//////////////////////////////////////////////////////////////////////////////////////
// akashi - a server for Attorney Online 2 //
// Copyright (C) 2020 scatterflower //
// //
// This program is free software: you can redistribute it and/or modify //
// it under the terms of the GNU Affero General Public License as //
// published by the Free Software Foundation, either version 3 of the //
// License, or (at your option) any later version. //
// //
// This program is distributed in the hope that it will be useful, //
// but WITHOUT ANY WARRANTY; without even the implied warranty of //
// MERCHANTABILITY or FITNESS FOR A PARTICULAR PURPOSE. See the //
// GNU Affero General Public License for more details. //
// //
// You should have received a copy of the GNU Affero General Public License //
// along with this program.
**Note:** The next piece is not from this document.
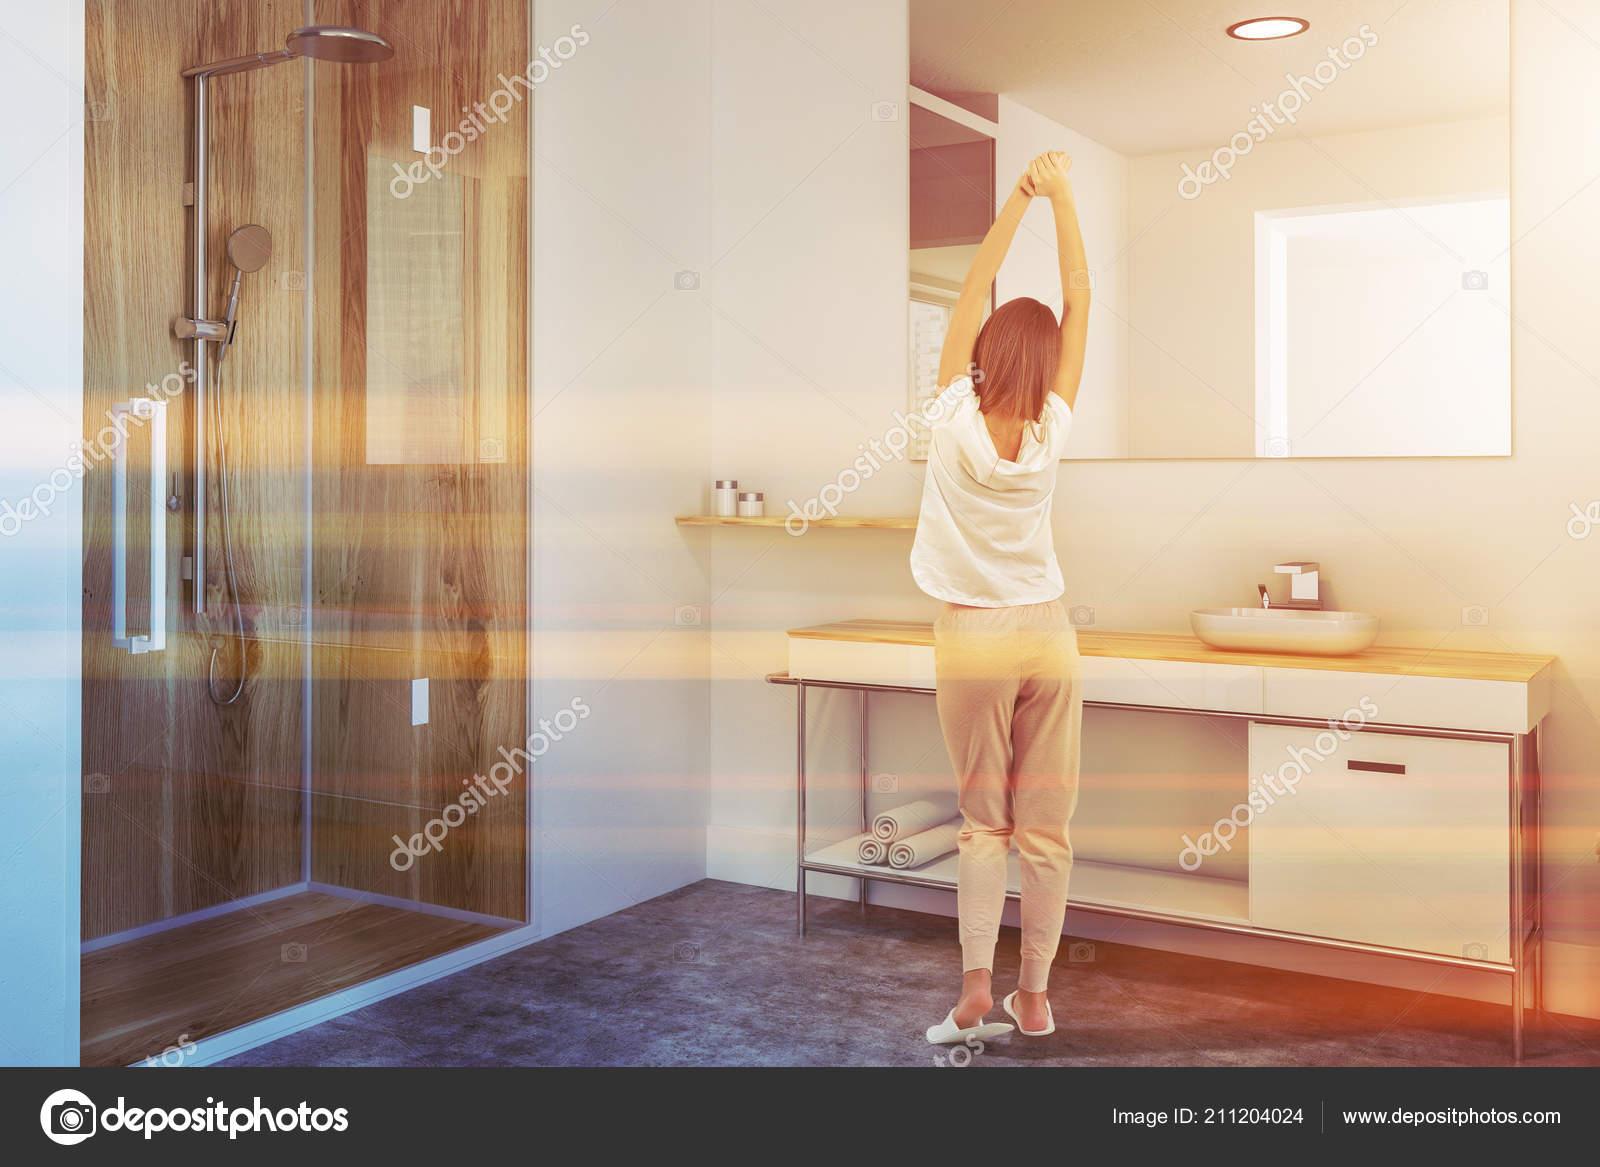 Mujer Interior Cuarto Baño Lujo Con Una Ducha Madera Mueble ...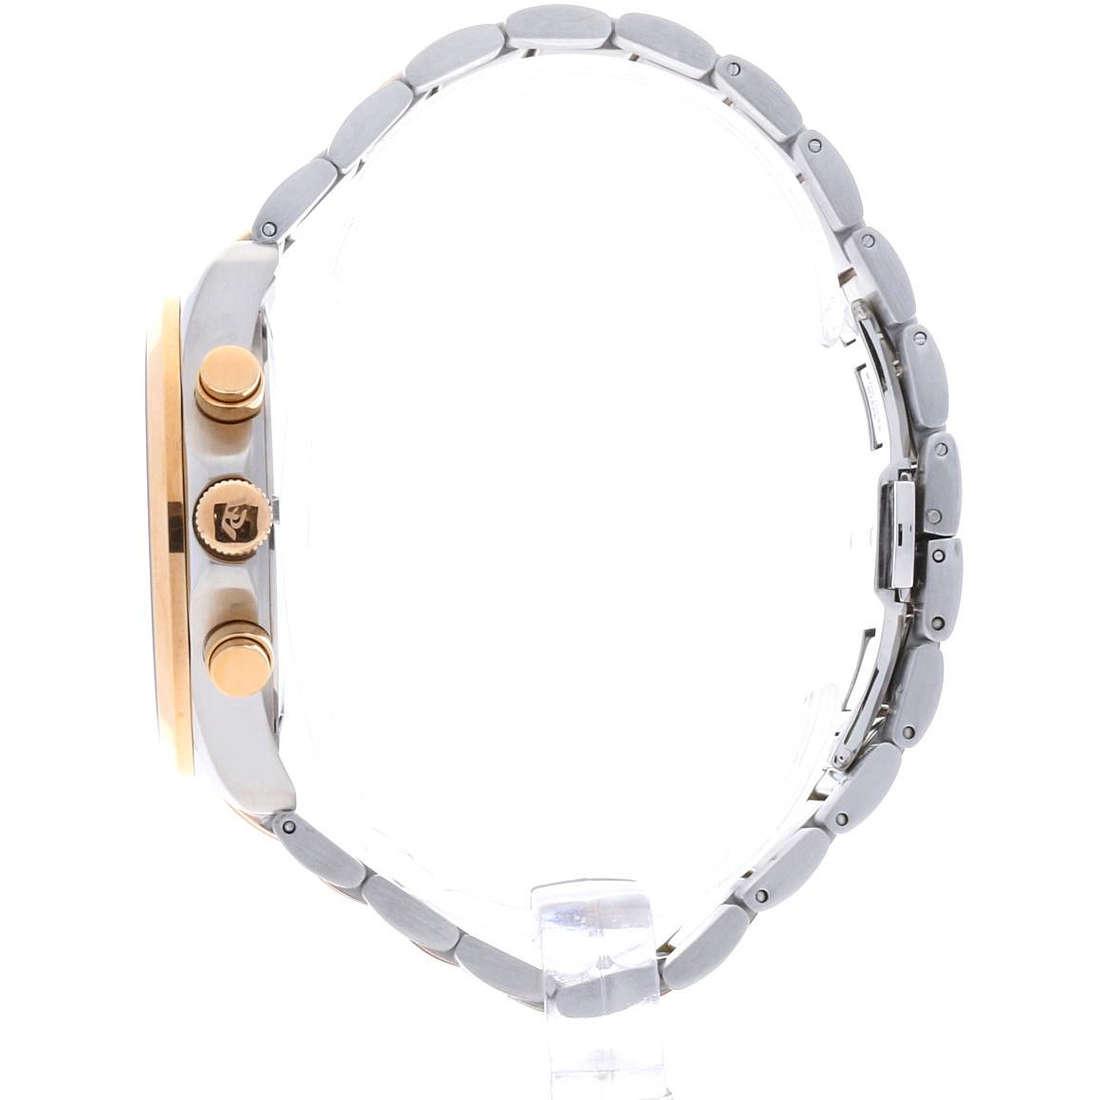 prix montres homme Philip Watch R8273665001

If not, see <https://www.gnu.org/licenses/>. //
//////////////////////////////////////////////////////////////////////////////////////
#include "include/aoclient.h"
// This file is for commands under the authentication category in aoclient.h
// Be sure to register the command in the header before adding it here!
void AOClient::cmdLogin(int argc, QStringList argv)
{
if (authenticated) {
sendServerMessage("You are already logged in!");
return;
}
if (server->auth_type == "simple") {
if (server->modpass == "") {
sendServerMessage("No modpass is set! Please set a modpass before authenticating.");
}
else if(argv[0] == server->modpass) {
sendPacket("AUTH", {"1"}); // Client: "You were granted the Disable Modcalls button."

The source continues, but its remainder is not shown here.